Confidentiality: A Slippery Slope
Does the conversation that occurs between a mentor and mentee necessarily remain confidential during a time when the mentee is being considered for a career move? Or, when a leadership team sits to talk about whether to move someone who has been a mentee, can the mentor add to the conversation from his or her experience with the mentee? Or, is the conversation between the mentor and the mentee always strictly confidential? Do you have any guidelines on this question?
Yes, we do.
Organizations should address the thorny issue of confidentiality when formulating mentoring program guidelines. One would anticipate that suitability for a mentee’s promotion might be discussed at some point, especially in the case of a high potential mentoring program.
Mentors need to know how to navigate this slippery slope. The role of the mentor relative to mentee promotion (clarification, qualification and expectations) should be clearly spelled out to avoid a midstream collapse of confidentiality when under pressure during a promotion discussion.

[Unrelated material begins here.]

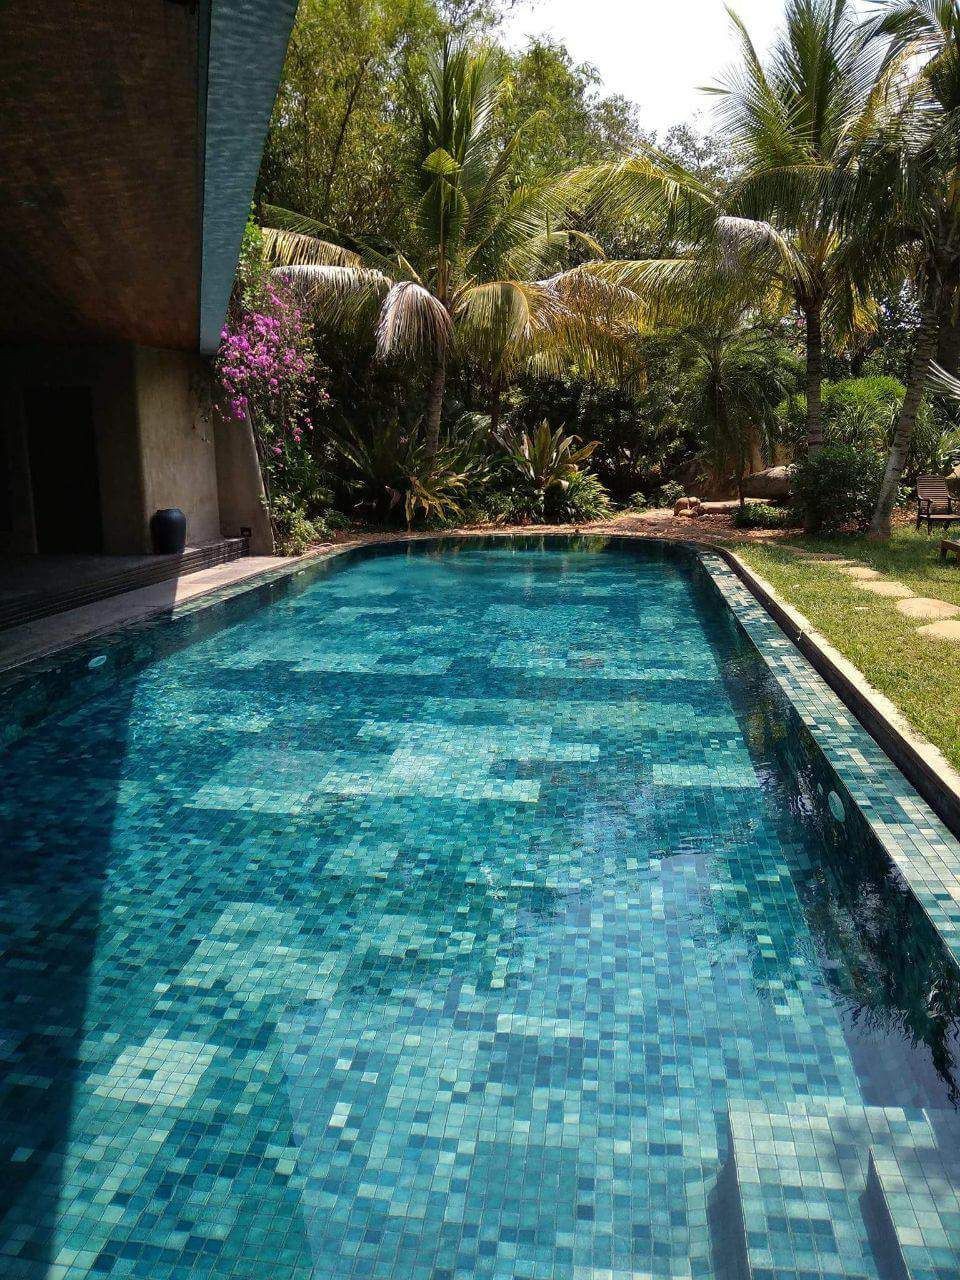 Private studio villa with pool

So, setting up agreements early on about confidentiality would certainly address your scenario. However, there is another aspect to consider. Confidentiality between mentor and mentee is an assumption until the topic is openly discussed. Mentoring partners need to hold a robust conversation about it, share their assumptions about confidentiality and come to a mutual agreement. Programmatic guidelines, if they exist, should be reviewed during this conversation.
Advocacy is one of the most valuable contributions that mentors can make in supporting their mentees. By mutual agreement, mentors should be able to share positive aspects of their mentee’s leadership growth and readiness. A mentor’s participation in a promotion conversation is not a performance review – that is the supervisor’s role. Mentors who have experienced disappointment in their mentoring relationship and performance should limit input to the individual’s role as mentee, not in the employee role. The mentor might say, “Carol and I weren’t able to meet as frequently as we had hoped. She didn’t complete the project we had begun work on during our mentoring relationship, so I am not able to offer a reliable picture of how Carol might lead the new project team.” What would constitute a breach of the relationship might be, “Carol was completely disorganized and unprofessional about how she approached her project and I don’t see that she has the skills sets you are looking for.”
We strongly recommend an up-front agreement about confidentiality when promotion discussions are on the table. While a mentor might comment about a mentee (“I’ve seen a lot of growth in Mary over the past year”), the confidentiality of the mentor/mentee conversation needs to be honored. It can be a slippery slope.